MR. GARDNER [the prosecutor]:
Yes, ma'am.
THE COURT:
And the this [sic] sentence would be under the Multiple Offender Act. Is that what your lawyer told you that I would do?
MR. BROWN:
Correct.
THE COURT:
And do you understand that if you continue to offer your guilty plea and the Court accepts your guilty plea, that is exactly what the sentence will be?
MR. BROWN:
Yes, ma'am.
THE COURT:
Do you have any questions you want to ask me about anything we've gone over there today?
MR. BROWN:
Yes, ma'am. Fifteen years is just fifteen? It's a double bill, no triple bill?
THE COURT:
It's a double bill, it's on a double bill. In other words it would be fifteen years as a second felony offender.
MR. BROWN:
So I have to do no more than fifteen years?
THE COURT:
Correct. Fifteen years would be the maximum. Even though they're filing a Multiple Offender Bill, they have agreed that your maximum sentence would be fifteen years.
State Rec., Vol. II of III, transcript of September 13, 2004, pp. 14-16. The Court further informed petitioner that five years of his sentence must be served without benefit of parole. State Rec., Vol. II of III, transcript of September 13, 2004, p. 17.
Accordingly, any suggestion that petitioner was unaware that he would be charged as a multiple offender is patently false, and his ineffective assistance claim necessarily fails.

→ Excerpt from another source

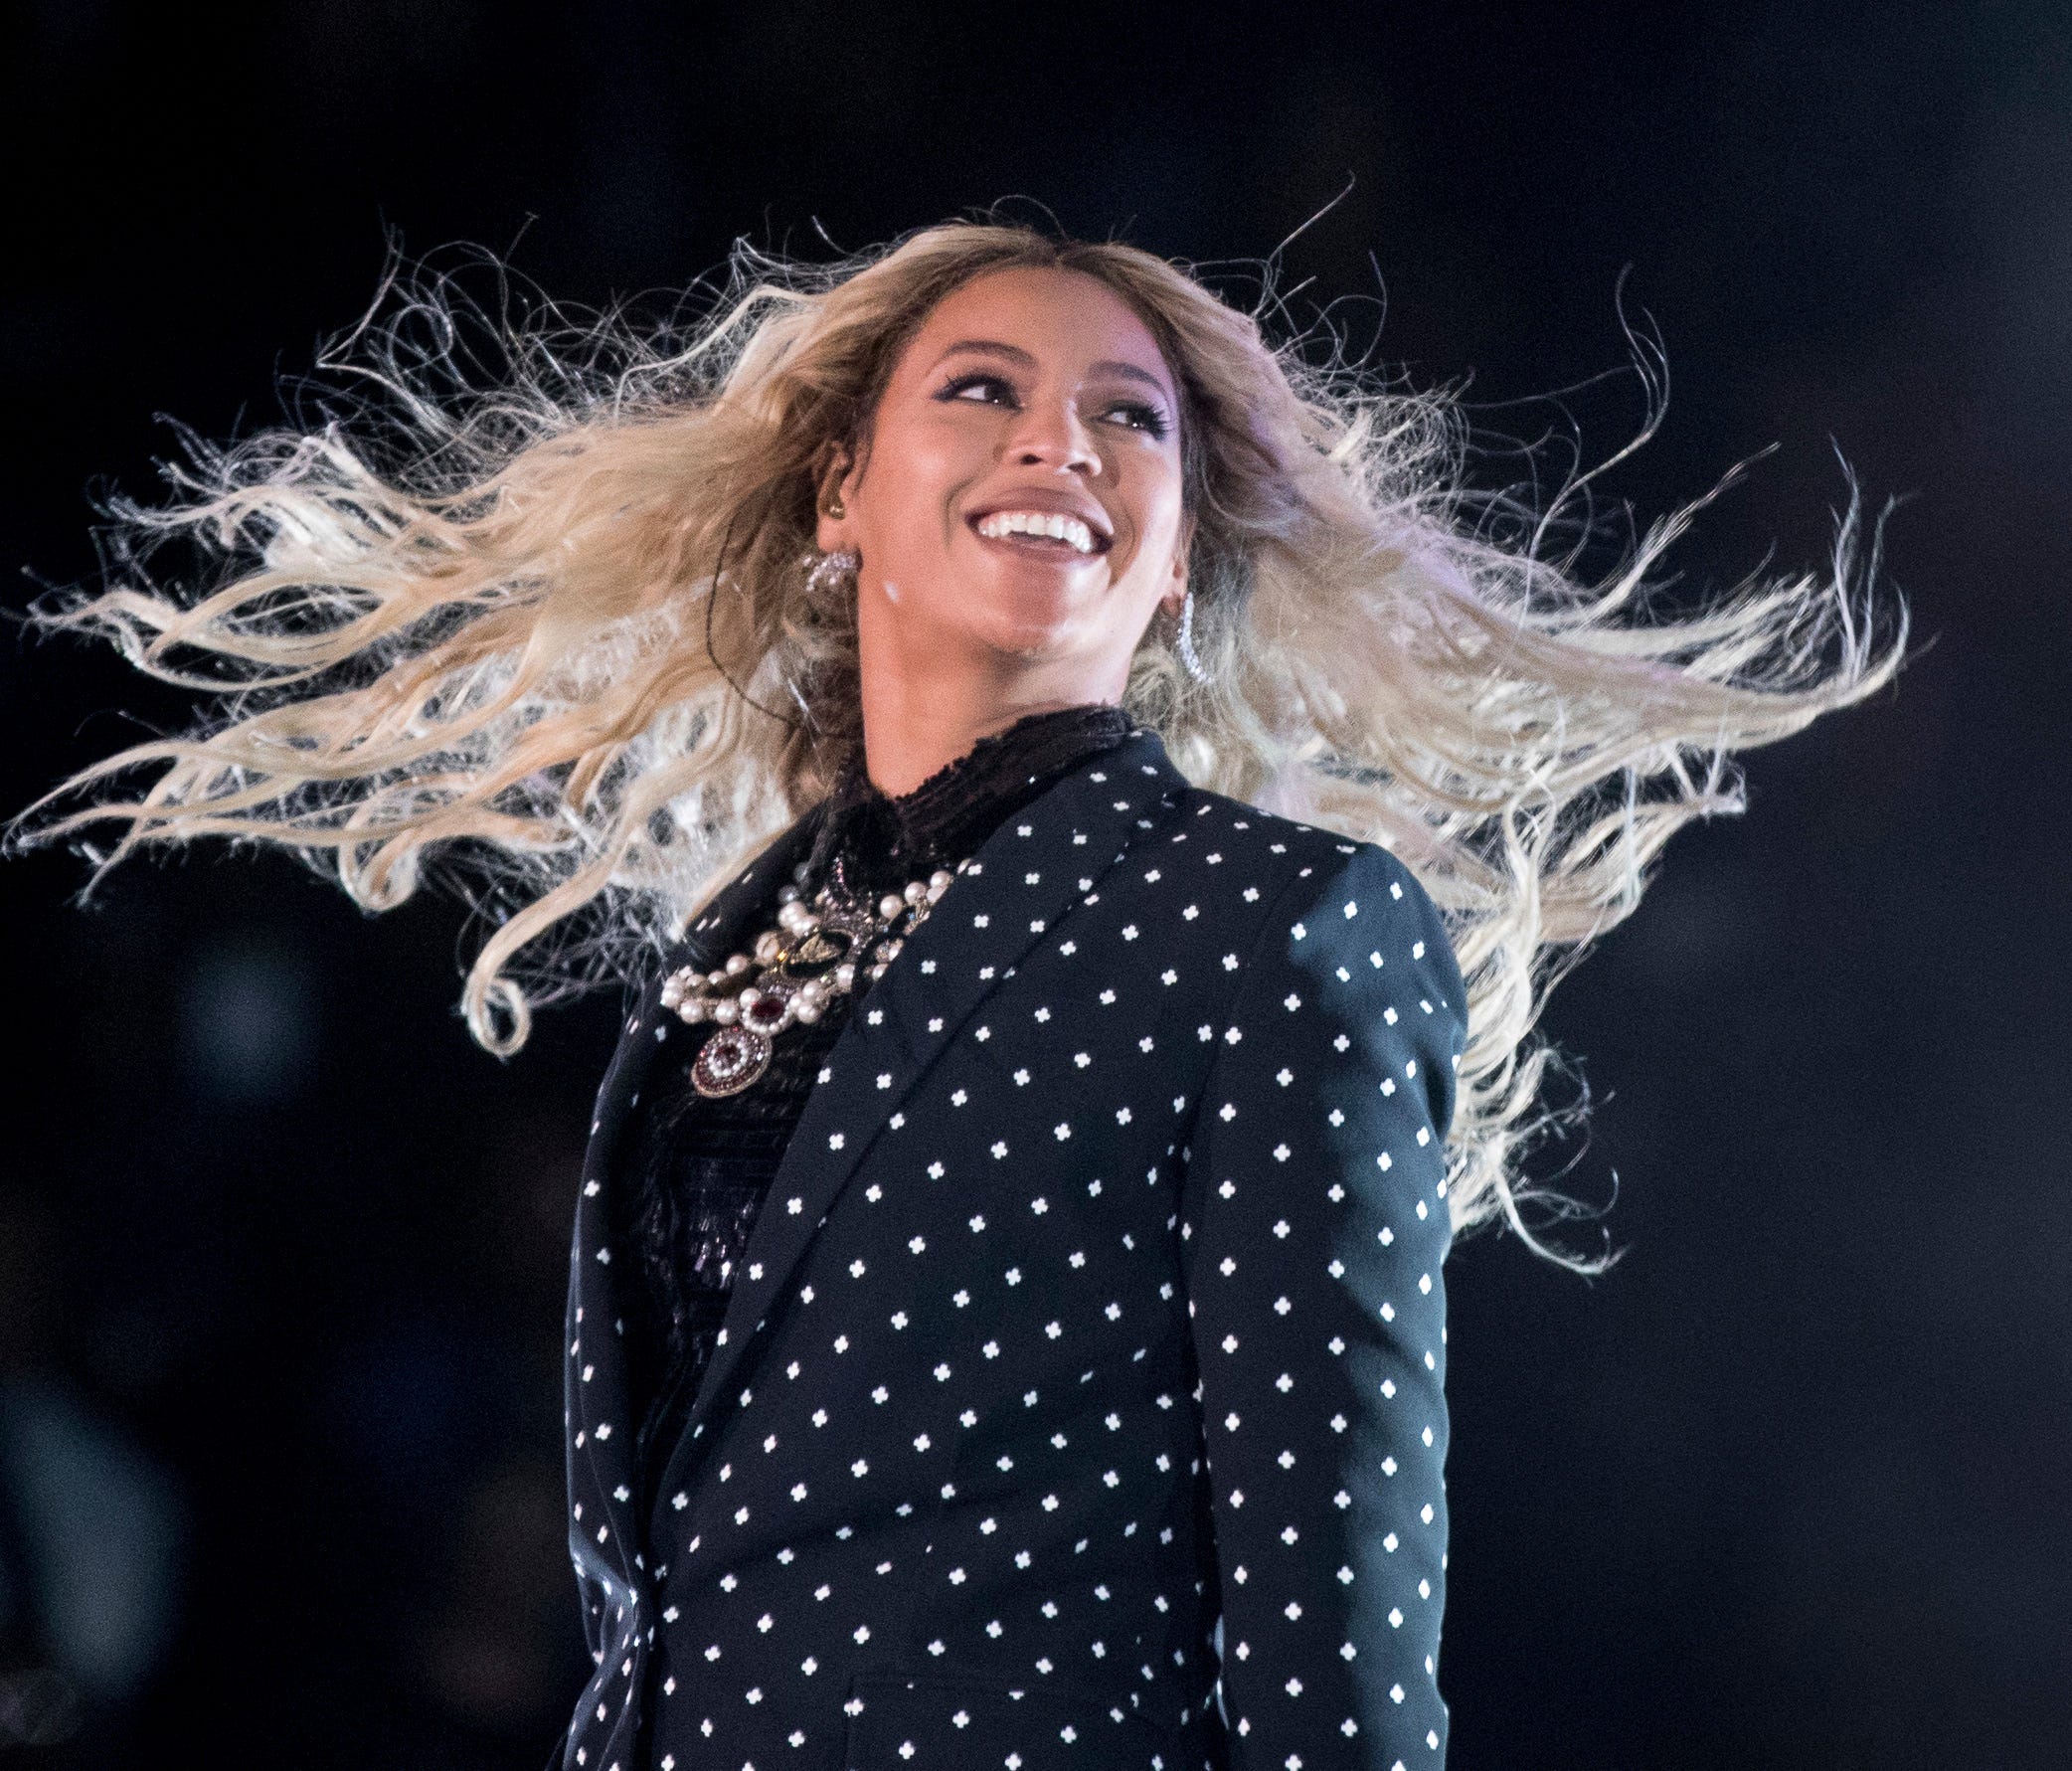 Beyonce, shown here in 2016, surprised Colin Kaepernick and guests when she walked onto the stage at Barclays Center during the Sports Illustrated Sportsperson of the Year awards.

The Court likewise rejects the contention that defense counsel was ineffective in failing to inform petitioner of the sentencing range he faced as a second offender, i.e. a minimum of fifteen years and a maximum of sixty years. See La.Rev.Stat. Ann. § 529.1(A)(1)(a). Even if the Court were to assume that counsel did not advise petitioner of the applicable sentencing range and further were to assume that counsel therefore performed deficiently in that respect, petitioner has not shown that he was prejudiced as a result. As noted, to show prejudice, petitioner must establish that, if he had been made aware of the sentencing range, he would not have pleaded guilty but would instead have insisted upon going to trial. In this case, in exchange for his plea, petitioner was guaranteed by the court that he would receive a fifteen-year sentence, the minimum allowed by law. Therefore, it is utterly absurd for him now to suggest that he would have rejected the plea bargain if only he had known that the sentencing range under the statute was fifteen to sixty years. To the contrary, that information only highlights the generosity of the state's offer and, if anything, would make petitioner more, not less, likely to accept the plea bargain.
Lastly, the Court also rejects petitioner's contention that counsel was ineffective in failing to investigate the validity of the predicate conviction used to enhance his current sentence. A petitioner asserting a claim for inadequate investigation bears the burden to provide factual support for his allegations as to what further investigation would have revealed. See Moawad v. Johnson, 143 F.3d 942, 948 (5th Cir. 1998). In the instant case, petitioner has provided no evidence whatsoever that his predicate conviction was in fact invalid for enhancement purposes. Accordingly, even if the Court were to assume that counsel's investigation was inadequate, petitioner has not shown that any prejudice resulted.
RECOMMENDATION
Accordingly, IT IS RECOMMENDED that the petition for federal habeas corpus relief filed by Eric Brown be DISMISSED WITH PREJUDICE.
A party's failure to file written objections to the proposed findings, conclusions, and recommendation contained in a magistrate judge's report and recommendation within 10 days after being served with a copy shall bar that party, except upon grounds of plain error, from attacking on appeal the unobjected-to proposed factual findings and legal conclusions accepted by the district court, provided that the party has been served with notice that such consequences will result from a failure to object. Douglass v. United Services Auto. Ass'n, 79 F.3d 1415, 1430 (5th Cir. 1996) (en banc).